Now my guess is that somewhere in memory_instrumentation needs to be updated. I'll take some quick exploration there.

@meng-xu-cs
Copy link
Collaborator

This is more fundamental...

The whole move-prover pipeline needs to be updated to catch the new set of bytecodes, including

EliminateImmRefsProcessor
MutRefInstrumenter
ReachingDefProcessor
BorrowAnalysisProcessor
MemoryInstrumentationProcessor

and possibly more...

I would like to consult @wrwg on what would be the best way forward. Failing the interpreter test is just the tip of the iceberg. I guess that any Move code uses Std::Vector will not pass the prover...

@wrwg
Copy link
Member

wrwg commented May 6, 2022

This is more fundamental...

The whole move-prover pipeline needs to be updated to catch the new set of bytecodes, including

EliminateImmRefsProcessor
MutRefInstrumenter
ReachingDefProcessor
BorrowAnalysisProcessor
MemoryInstrumentationProcessor

and possibly more...

I would like to consult @wrwg on what would be the best way forward. Failing the interpreter test is just the tip of the iceberg. I guess that any Move code uses Std::Vector will not pass the prover...

Yeah, that is what I thought also initially. Plus as long as DPN isn't back and full prover tests are in place based on it, this will be very risky.

I wonder why we are doing this (or have done part of it). What is the advantage of having opcodes instead of well-known native functions? The later concept is quite common in compilers. The only reason I can imagine is that code with opcodes for vector ops is potentially more compact.

As we move forward and have maps, sets, tables, we will not be able to add opcodes for each of them. So those will be als represented via native functions. I can imagine at some point we may want to add special compiler support for maps/sets, and then we are back to square one, that is having to treat native functions as well-known to the compiler anyway.

@tnowacki
Copy link
Member Author

tnowacki commented May 6, 2022

As we move forward and have maps, sets, tables, we will not be able to add opcodes for each of them

The goal is to have bytecode operations for anything that is a primitive type in Move. So the signer and vector native functions are being replaced by bytecode operations. @meng-xu-cs started this process last fall, but was unable to finish the migration before leaving. This PR is trying to finish that migration for the compiler at least.

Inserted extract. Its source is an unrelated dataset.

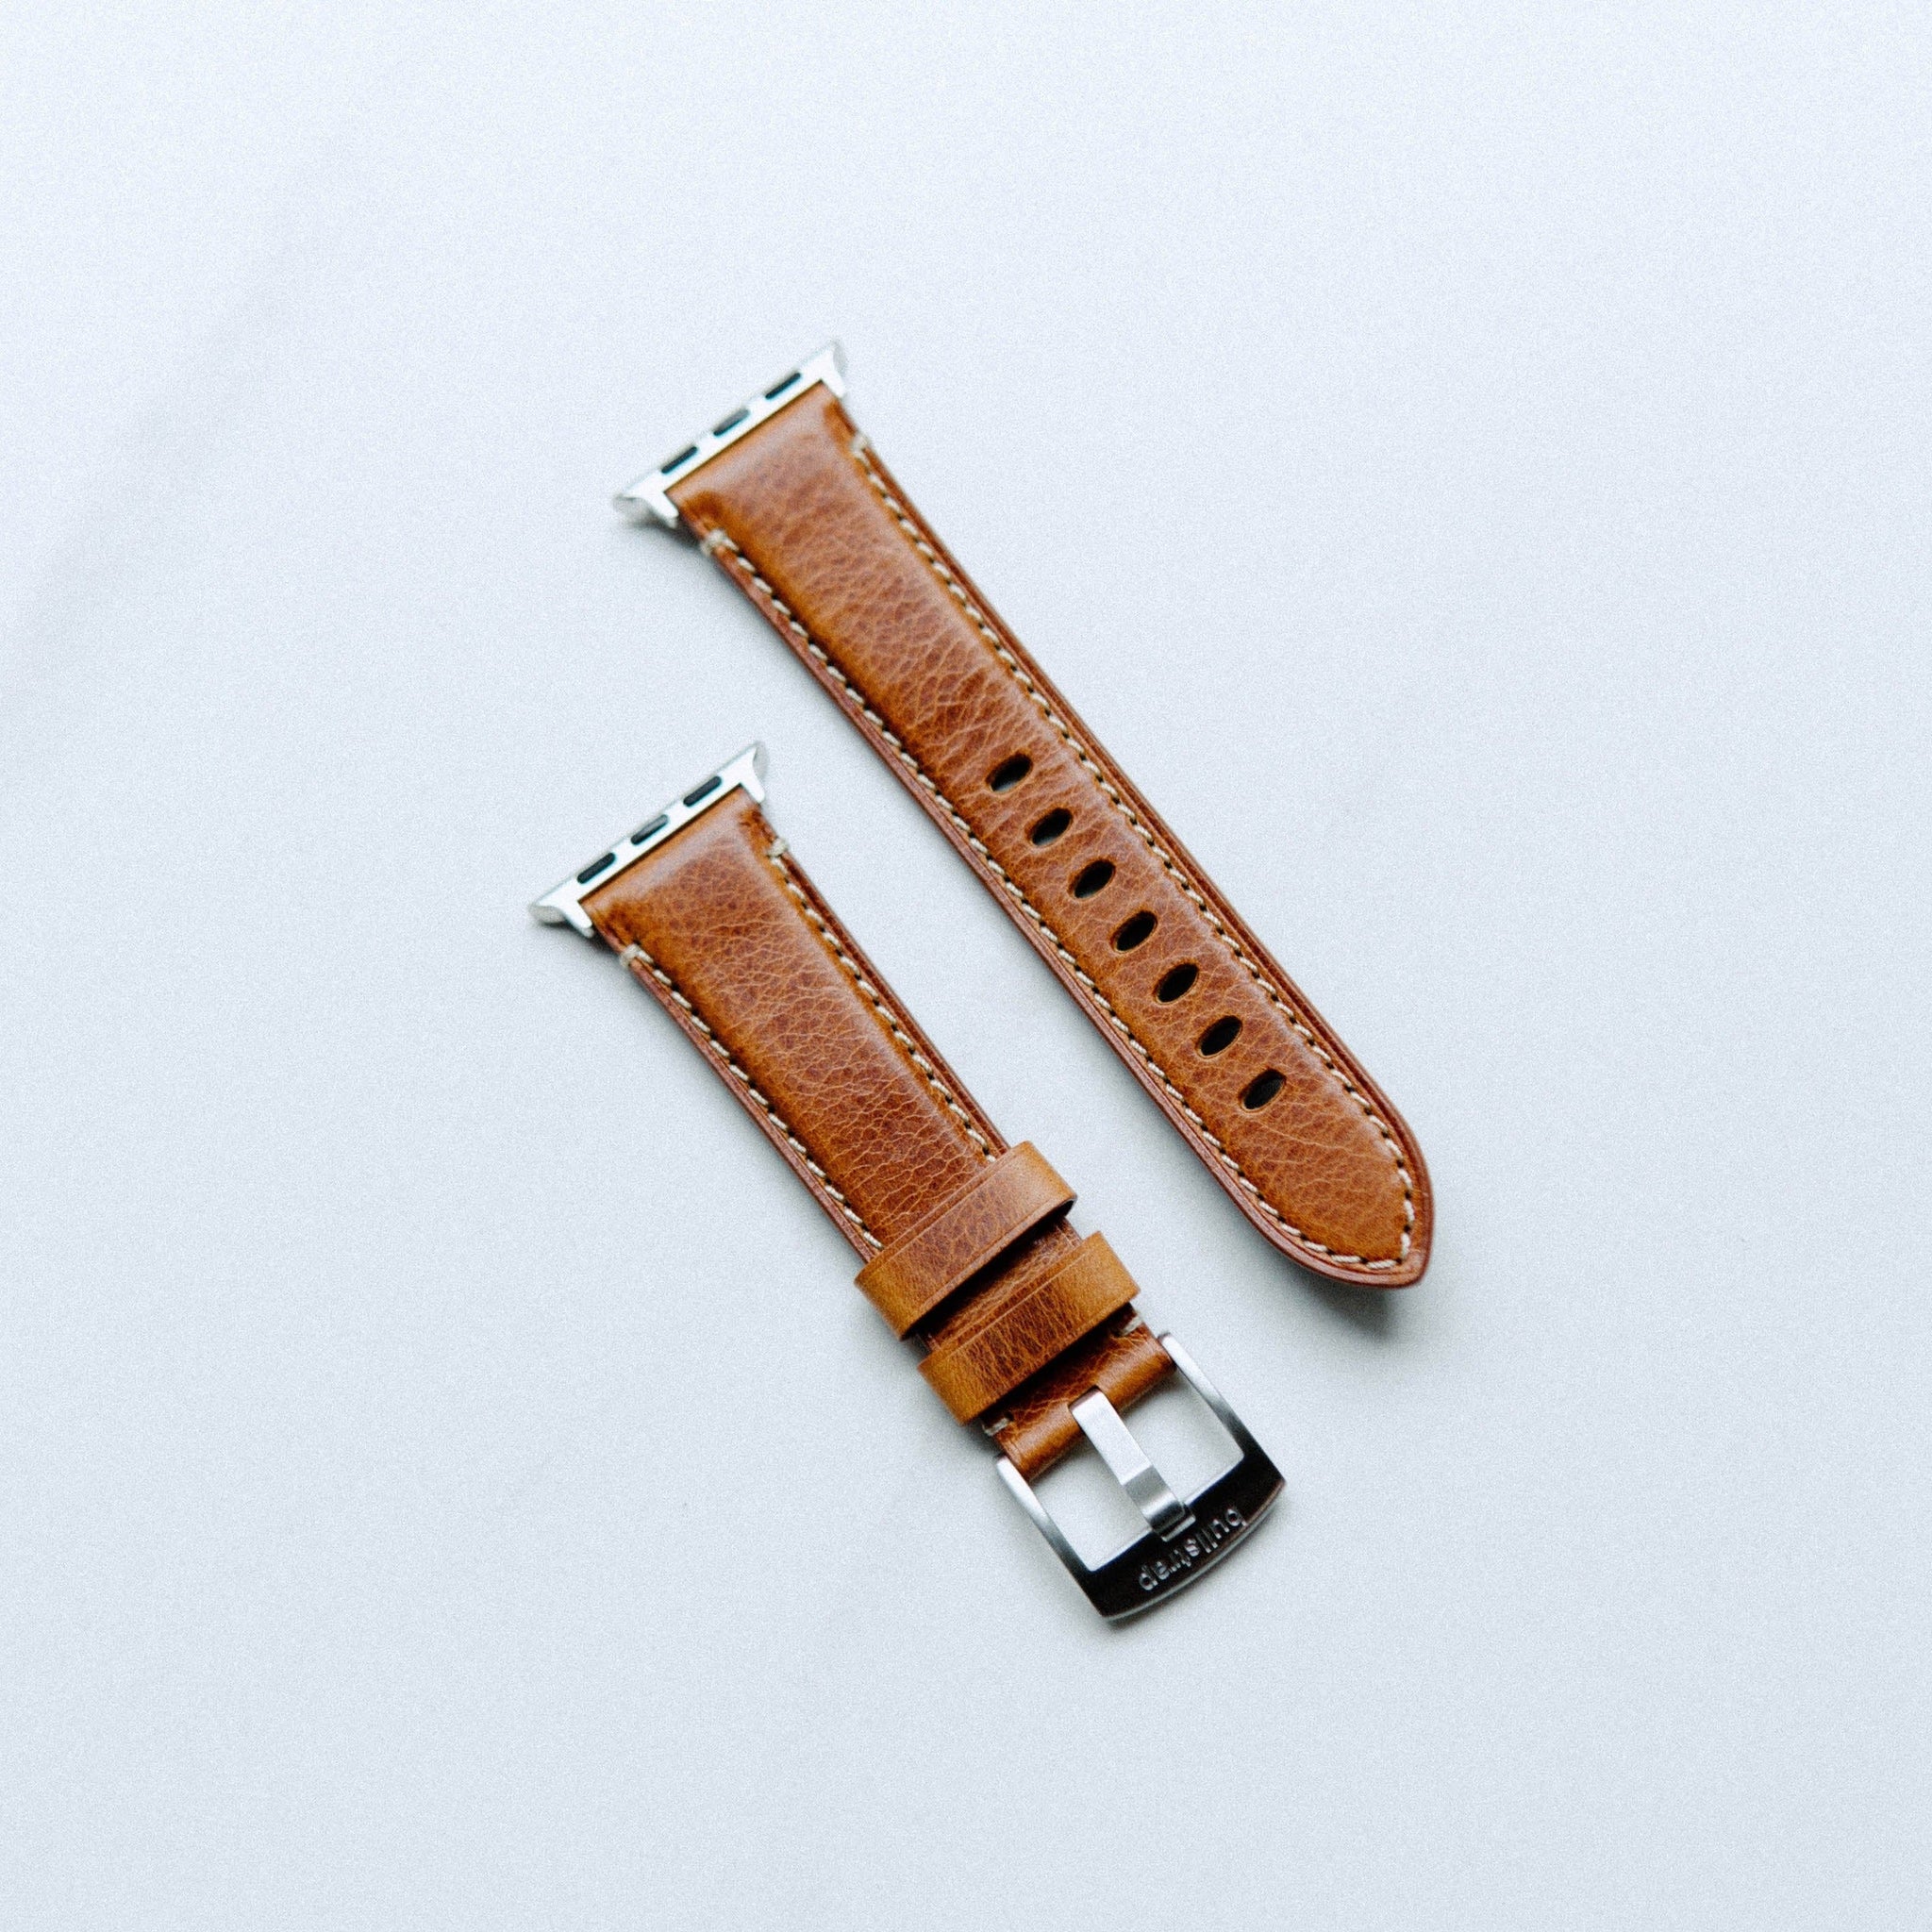 Leather Apple Watch Strap - Sienna by Bullstrap

I think I have an idea of moving this forward with less invasive changes to the prover, let me play around with it

@wrwg
Copy link
Member

wrwg commented May 6, 2022

As we move forward and have maps, sets, tables, we will not be able to add opcodes for each of them

The goal is to have bytecode operations for anything that is a primitive type in Move.

Understand the goal and history but what is the rationale for doing this? Why not stay with what we have right now? As I said above there are likely additional types not only vector which may get compiler support. Using well-known functions is a common pattern in compilers, there is nothing wrong with it.

@tnowacki
Copy link
Member Author

tnowacki commented May 6, 2022

Using well-known functions is a common pattern in compilers, there is nothing wrong with it.

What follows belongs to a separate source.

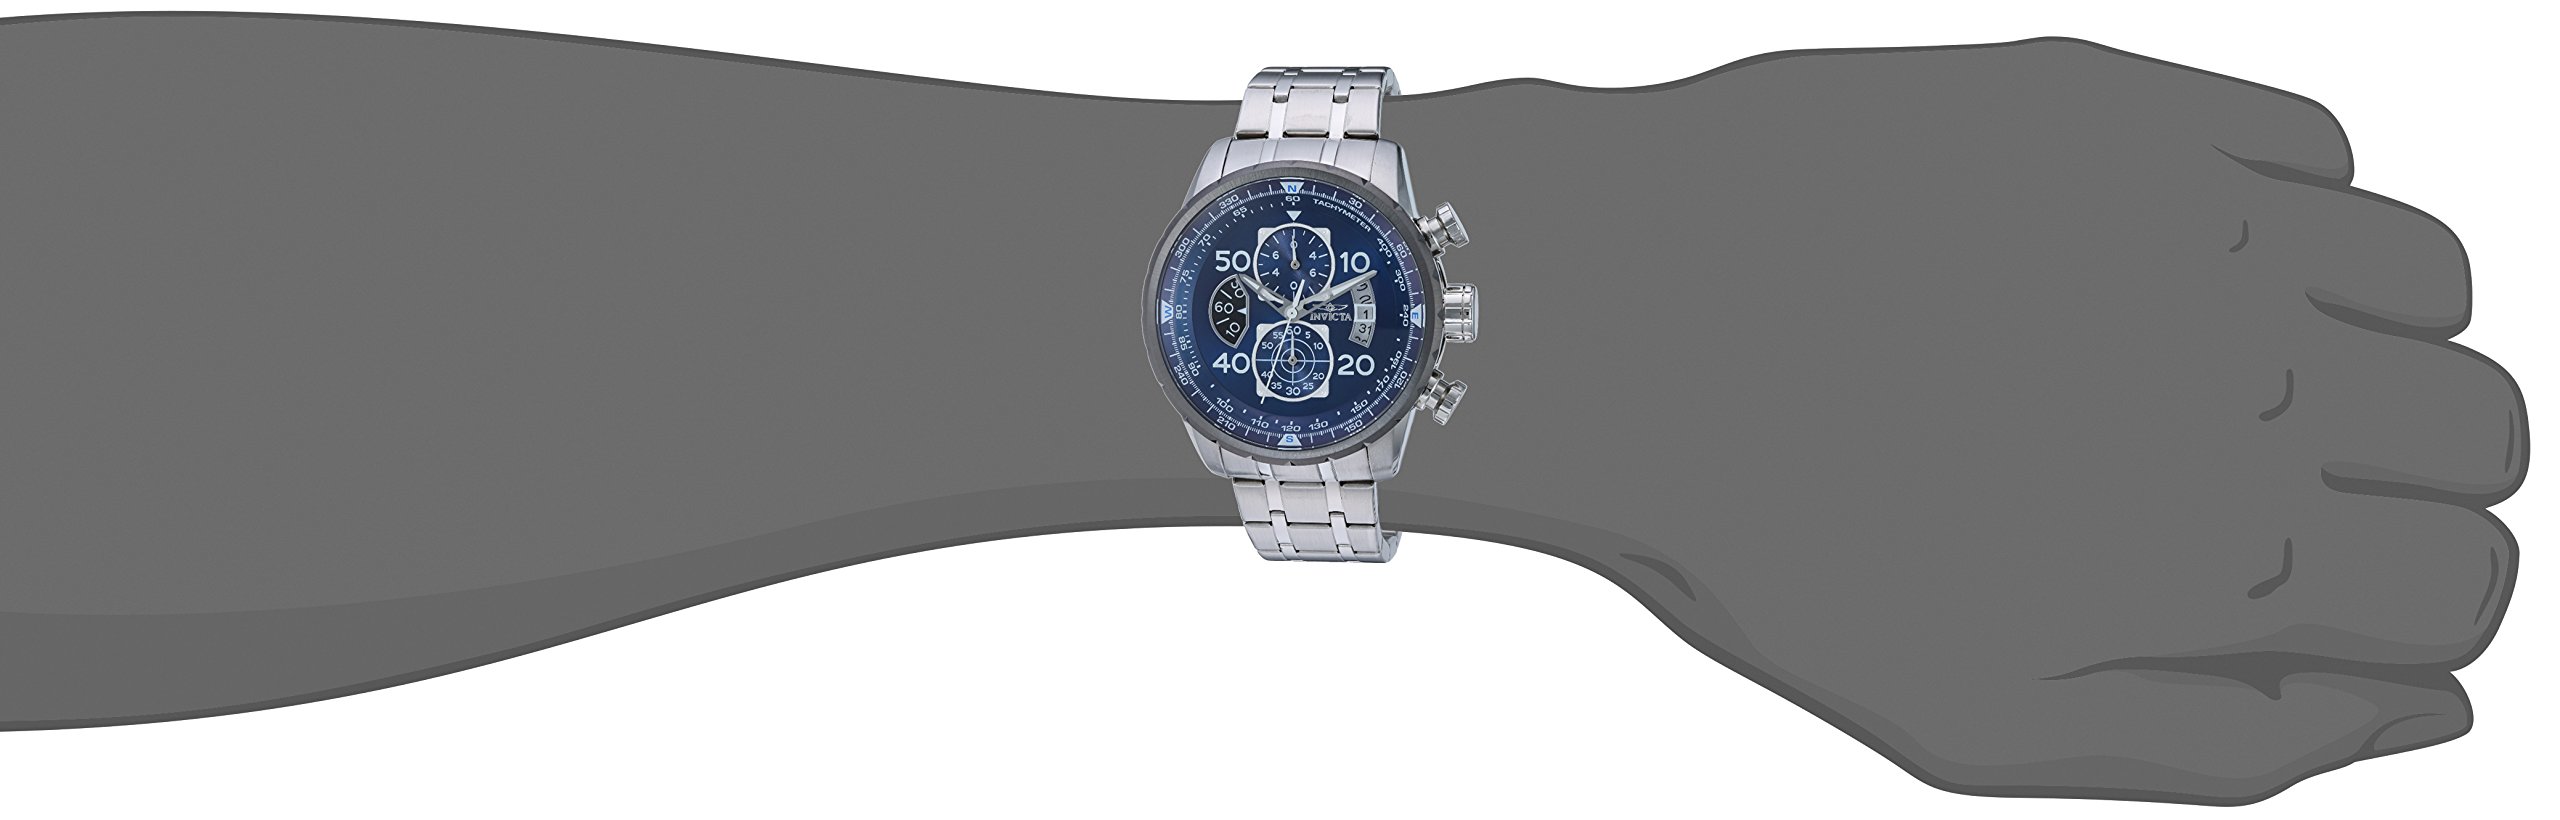 Invicta Men's 22970 Aviator Analog Display Quartz Silver Watch

The functions still exist in the stdlib at the source level, they just don't exist at the bytecode level. The "well known functions" are the way we communicate the signature information of these bytecode operations to the source language.

It is just tricky for the prover as the functions will no longer exist in the compiled modules

@tnowacki
Copy link
Member Author

tnowacki commented May 6, 2022

As we move forward and have maps, sets, tables, we will not be able to add opcodes for each of them

The goal is to have bytecode operations for anything that is a primitive type in Move. So the signer and vector native functions are being replaced by bytecode operations. @meng-xu-cs started this process last fall, but was unable to finish the migration before leaving. This PR is trying to finish that migration for the compiler at least.

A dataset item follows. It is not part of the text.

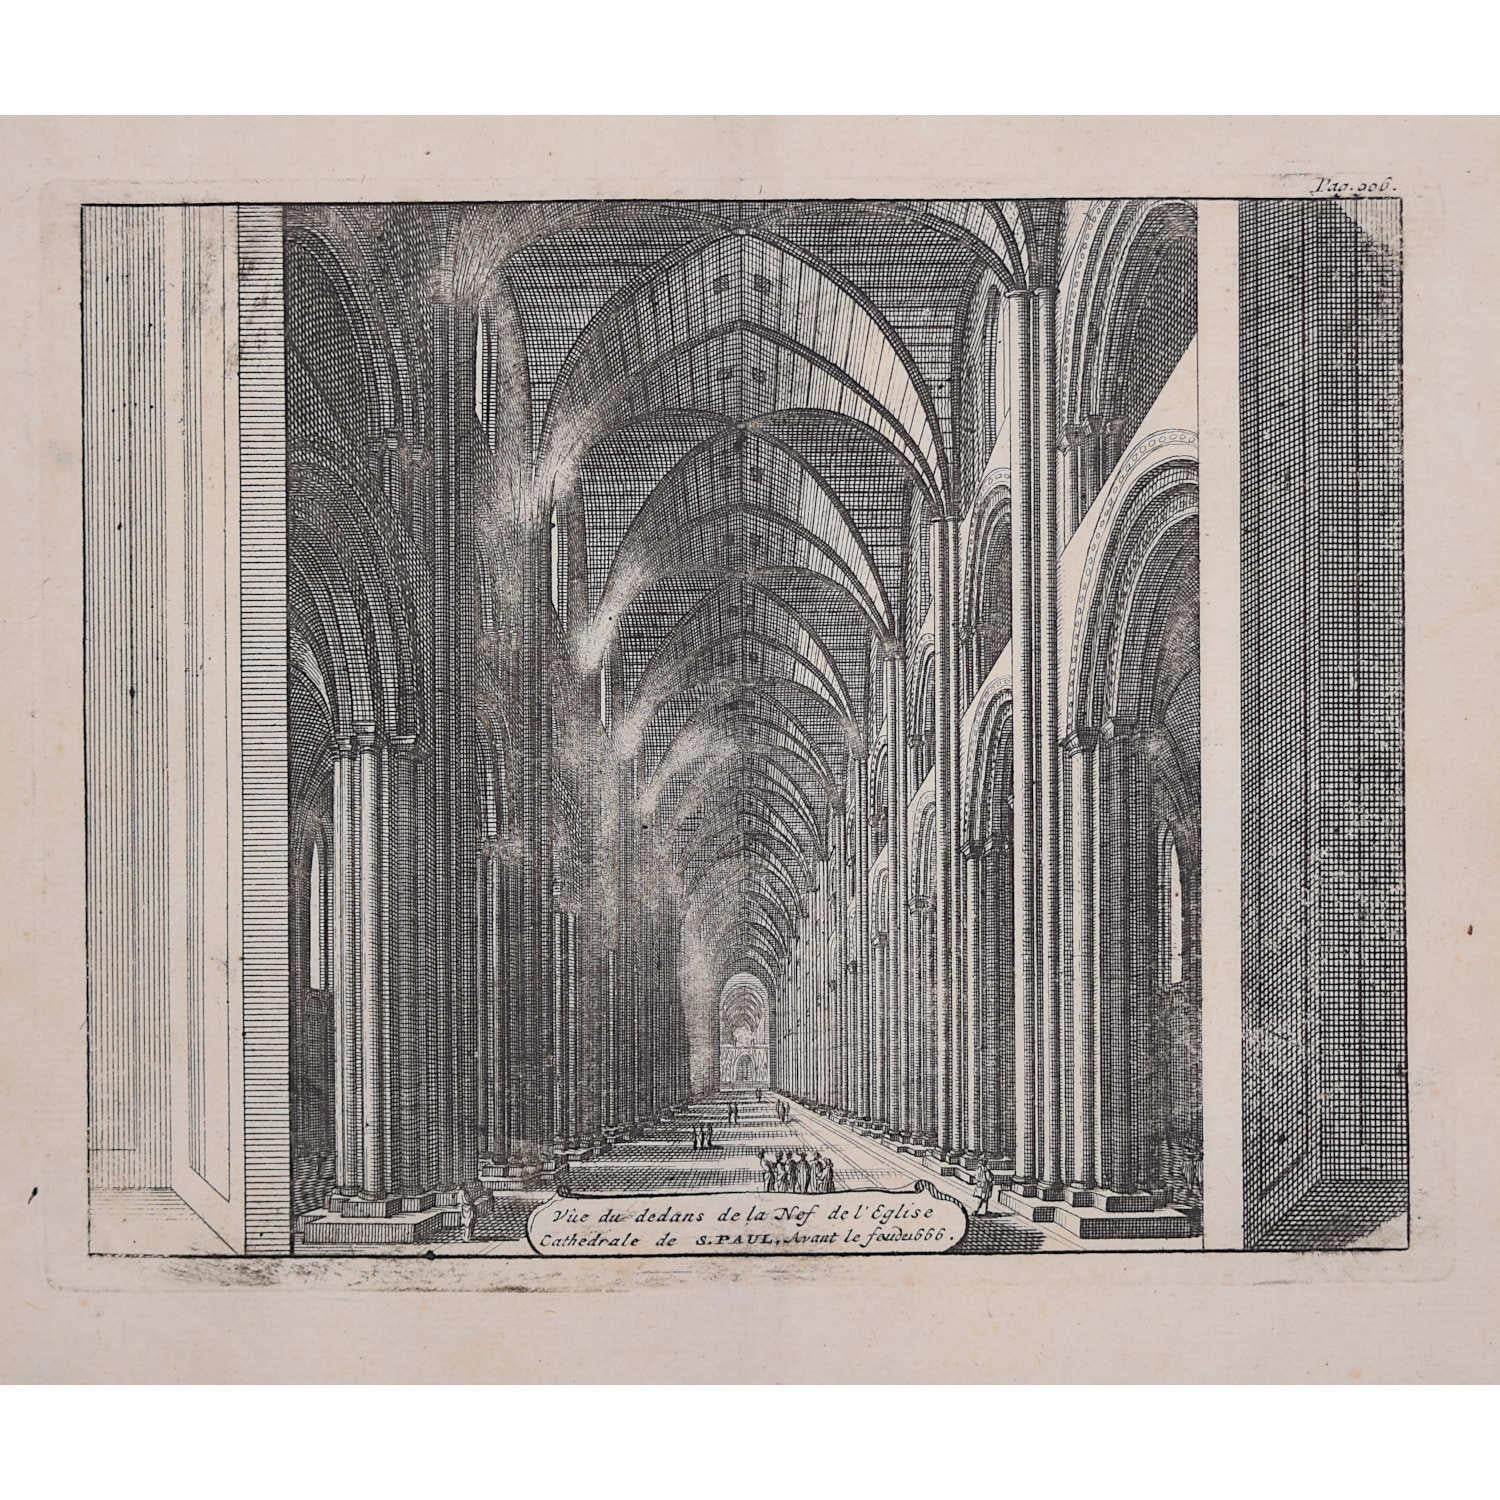 Pieter van der Aa: 'Old St Paul's Cathedral', after Jan Kip

I think I have an idea of moving this forward with less invasive changes to the prover, let me play around with it

@wrwg, my idea was to just fake it back to a function call in stackless bytecode generation, but I am having trouble doing that as I don't know how to get Id/function symbols for the functions. Maybe this new approach won't be doable?

@sblackshear
Copy link
Member

I wonder why we are doing this (or have done part of it). What is the advantage of having opcodes instead of well-known native functions? The later concept is quite common in compilers. The only reason I can imagine is that code with opcodes for vector ops is potentially more compact.

In addition to other reasons mentioned, another factor is performance. Move calls are quite expensive compared to bytecode instructions--a call requires a new stack frame, new locals, moving data from the caller's stack into the callee's locals, and so on.

This isn't just theoretical--one project we spoke to was considering using Move and was benchmarking against WASM, Python, and a few other VM's. One of the benchmarks they were using was fannkuch, which requires a lot of vector code. Move was slow on this benchmark, but it got ~2x faster when we hacked the compiler to use vector operations instead of calls.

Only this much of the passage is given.